The Hello Time cannot be longer than the Max. Age; otherwise, a configuration error will
occur.
Max. Age – The Max Age can be from 6 to 40 seconds. At the end of the Max Age, if a BPDU has still not been received from
the Root Bridge, your Switch will start sending its own BPDU to all other Switches for permission to become the Root Bridge. If it
turns out that your Switch has the lowest Bridge Identifier, it will become the Root Bridge.
Forward Delay Timer – The Forward Delay can be from 4 to 30 seconds. This is the time any port on the
Switch spends in the listening state while moving from the blocking state to the forwarding state.
Observe the following formulas when setting the above parameters:
Max. Age _ 2 x (Forward Delay - 1 second)
Max. Age _ 2 x (Hello Time + 1 second)
Port Priority – A Port Priority can be from 0 to 240. The lower the number, the greater the probability the port will be chosen as
the Root Port.
Port Cost – A Port Cost can be set from 0 to 200000000. The lower the number, the greater the probability the port will be
chosen to forward packets.
3. Illustration of STP
A simple illustration of three switches connected in a loop is depicted in the below diagram. In this example, you can anticipate
some major network problems if the STP assistance is not applied.
If switch A broadcasts a packet to switch B, switch B will broadcast it to switch C, and switch C will broadcast it to back to switch
A and so on.
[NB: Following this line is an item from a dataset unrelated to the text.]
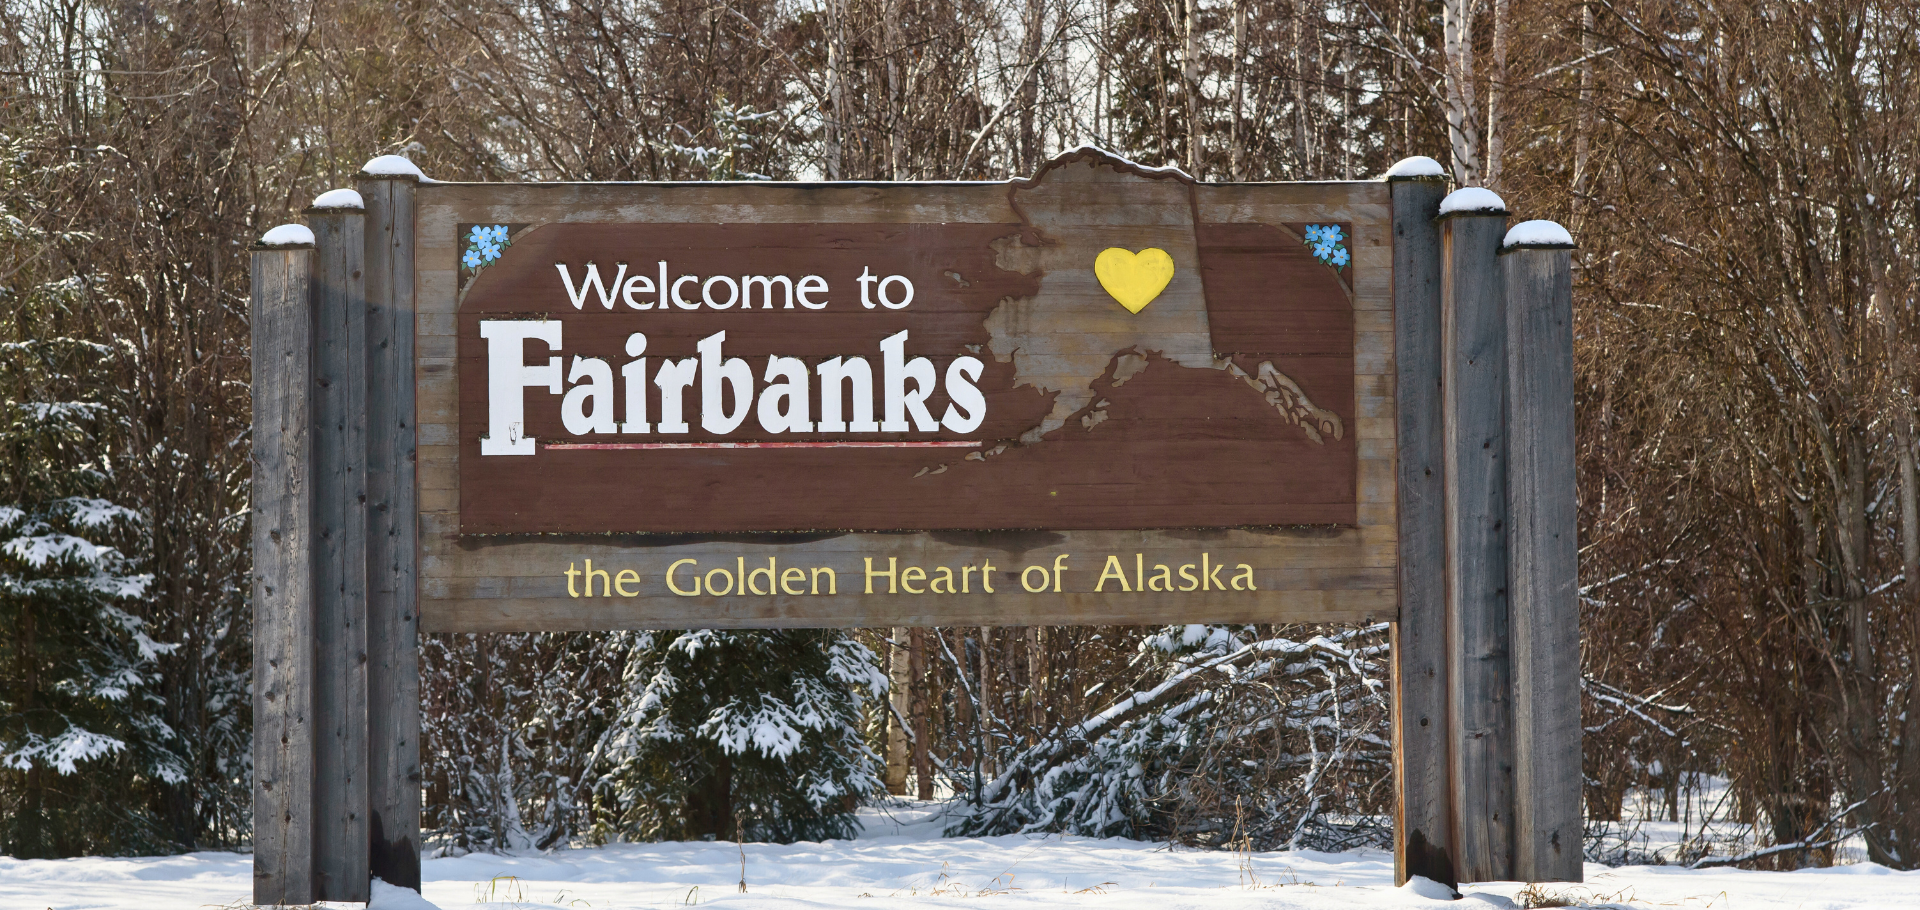 Fairbanks AK
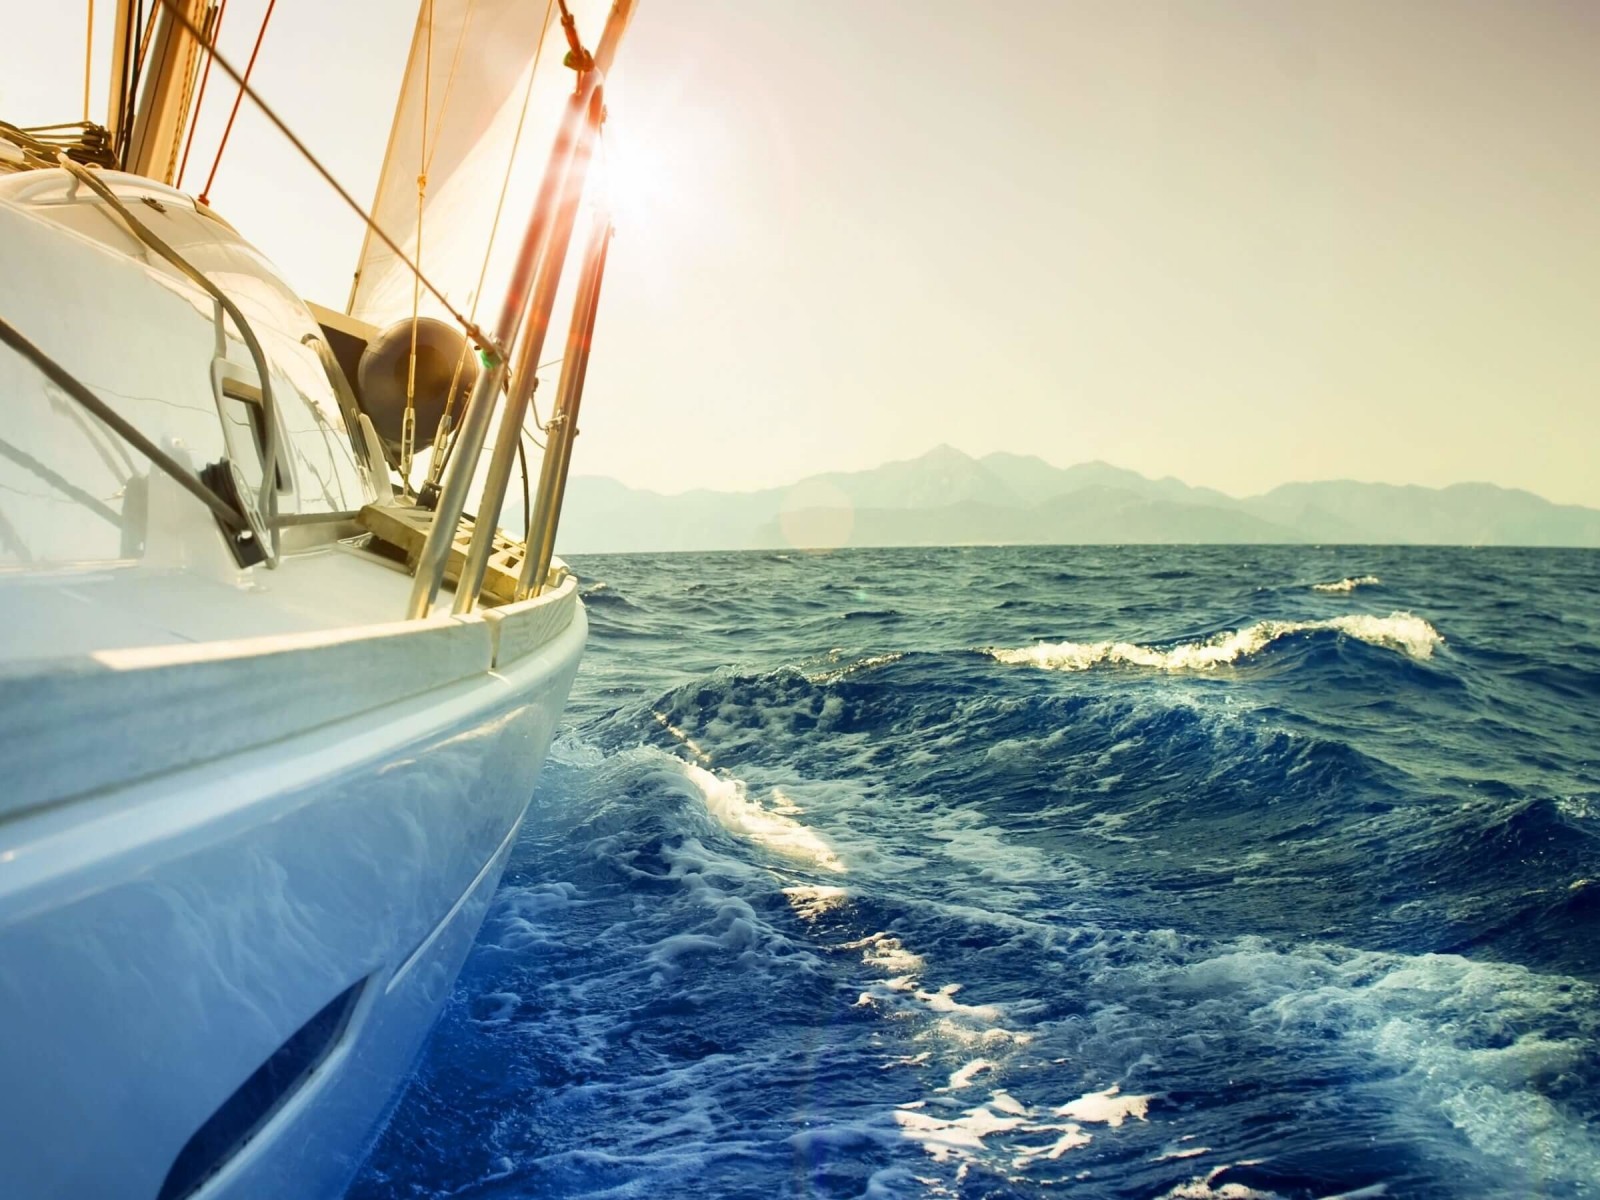 Yacht Sailing Downwind at Sunset Wallpaper for Desktop 1600x1200

The broadcast packet will be passed indefinitely in a loop, potentially causing a network failure. In this example,
STP breaks the loop by blocking the connection between switch B and C. The decision to block a particular connection is based
on the STP calculation of the most current Bridge and Port settings.
Now, if switch A broadcasts a packet to switch C, then switch C will drop the packet at port 2 and the broadcast will end there.
Setting-up STP using values other than the defaults, can be complex. Therefore, you are advised to keep the default factory
settings and STP will automatically assign root bridges/ports and block loop connections. Influencing STP to choose a particular
switch as the root bridge using the Priority setting, or influencing STP to choose a particular port to block using the Port Priority
and Port Cost settings is, however, relatively straight forward.